I was going to assume the part I had a problem with had been retracted and leave it at that but then I found this other post posing a similar idea. I’m not sure if it was written by the same person, I still don’t fully understand the arbital platform but let’s take a look at it anyways. This is all from the “Possibility of permanent confirmation” section, the rest of the article is interesting and very didactic:

It’s worth noting that although Newton’s theory of gravitation was false, something very much like it was true. So while the belief “Planets move exactly like Newton says” could only be provisionally accepted and was eventually overturned, the belief, “All the kind of planets we’ve seen so far, in the kind of situations we’ve seen so far, move pretty much like Newtonian gravity says” was much more strongly confirmed.

The problem is that a scientific theory should have predictive value, Newton’s theory could have worked until now but suddenly not work tomorrow because planets in our solar system decide to turn their plane of rotation 90º every 1 million years and we had no idea. Having perfect predictive knowledge of the past means nothing, as the author pointed in their article.

In mathematics we can have perfect knowledge of the domain of a problem and thus claim a theorem always works, nature doesn’t allow us such luxury.

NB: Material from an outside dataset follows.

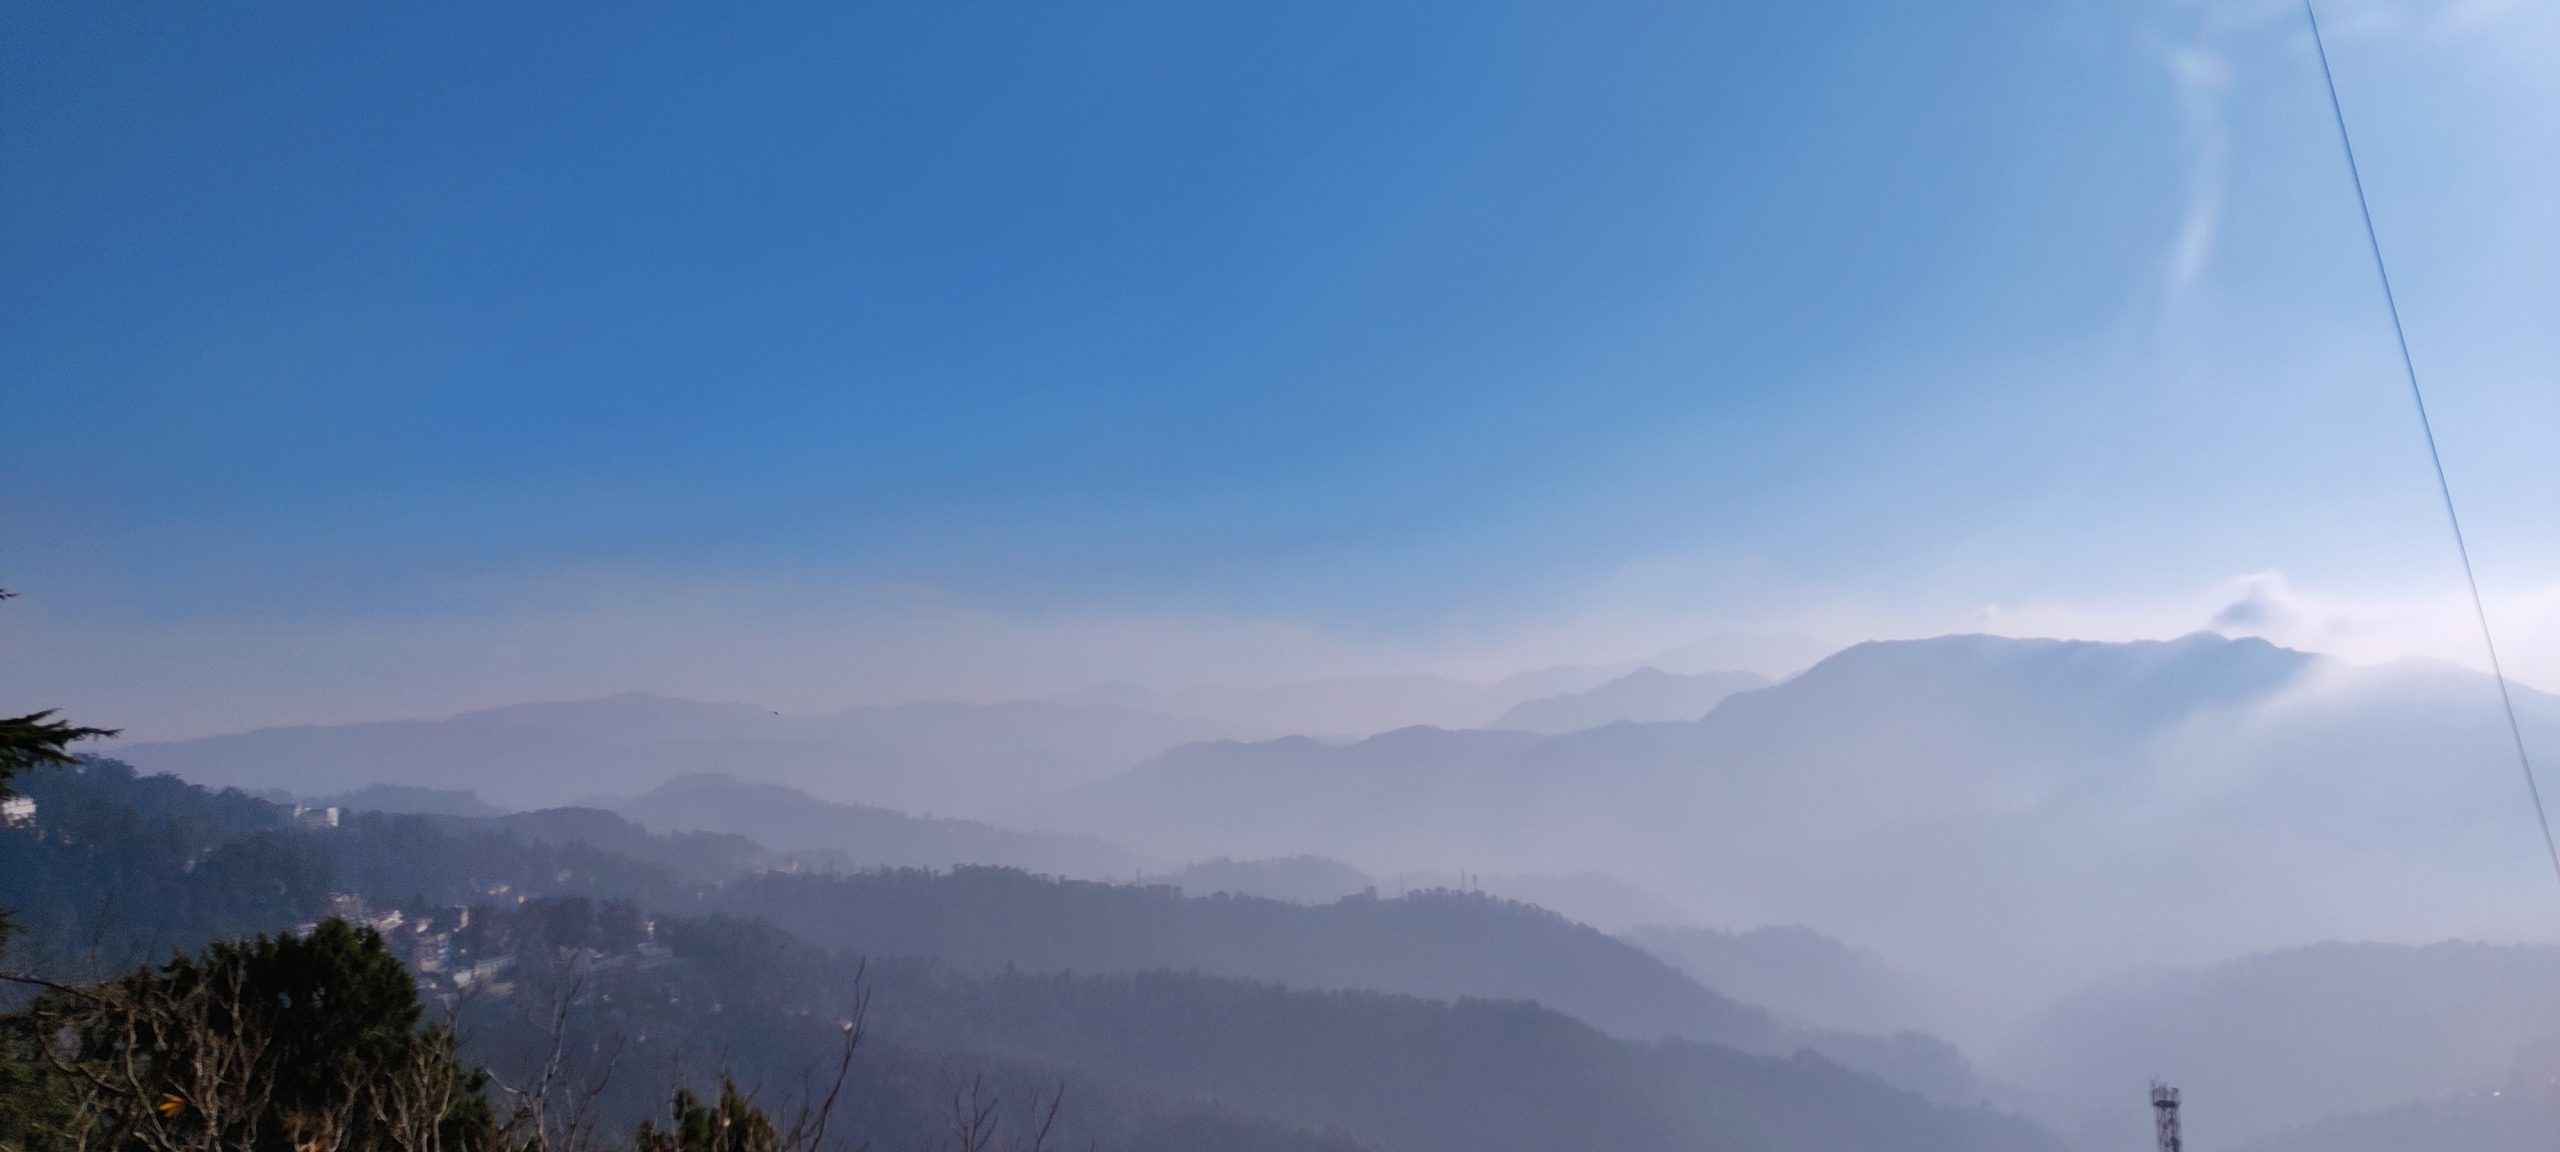 valleys of mountain

This implies that, contra Popper’s rejection of the very notion of confirmation, some theories can be finally confirmed, beyond all reasonable doubt. E.g., the DNA theory of biological reproduction. No matter what we wonder about quarks, there’s no plausible way we could be wrong about the existence of molecules, or about there being a double helix molecule that encodes genetic information. It’s reasonable to say that the theory of DNA has been forever confirmed beyond a reasonable doubt, and will never go on the trash-heap of science no matter what new observations may come.

This is possible because DNA is a non-fundamental theory, given in terms like “molecules” and “atoms” rather than quarks. Even if quarks aren’t exactly what we think, there will be something enough like quarks to underlie the objects we call protons and neutrons and the existence of atoms and molecules above that, which means the objects we call DNA will still be there in the new theory. In other words, the biological theory of DNA has a “something sort of like this must be true” theory underneath it. The hypothesis that what Joseph Black called ‘fixed air’ and we call ‘carbon dioxide’, is in fact made up of one carbon atom and two oxygen atoms, has been permanently confirmed in a way that Newtonian gravity was not permanently confirmed.

Same as above, the fact that it worked so far doesn’t mean it will work tomorrow. Do I doubt the theory of DNA reproduction? Absolutely not, but that doesn’t mean there is any guarantee it will work tomorrow or everywhere. If we could guarantee such a thing we would have a method \(M()\) that solves the Problem of Induction.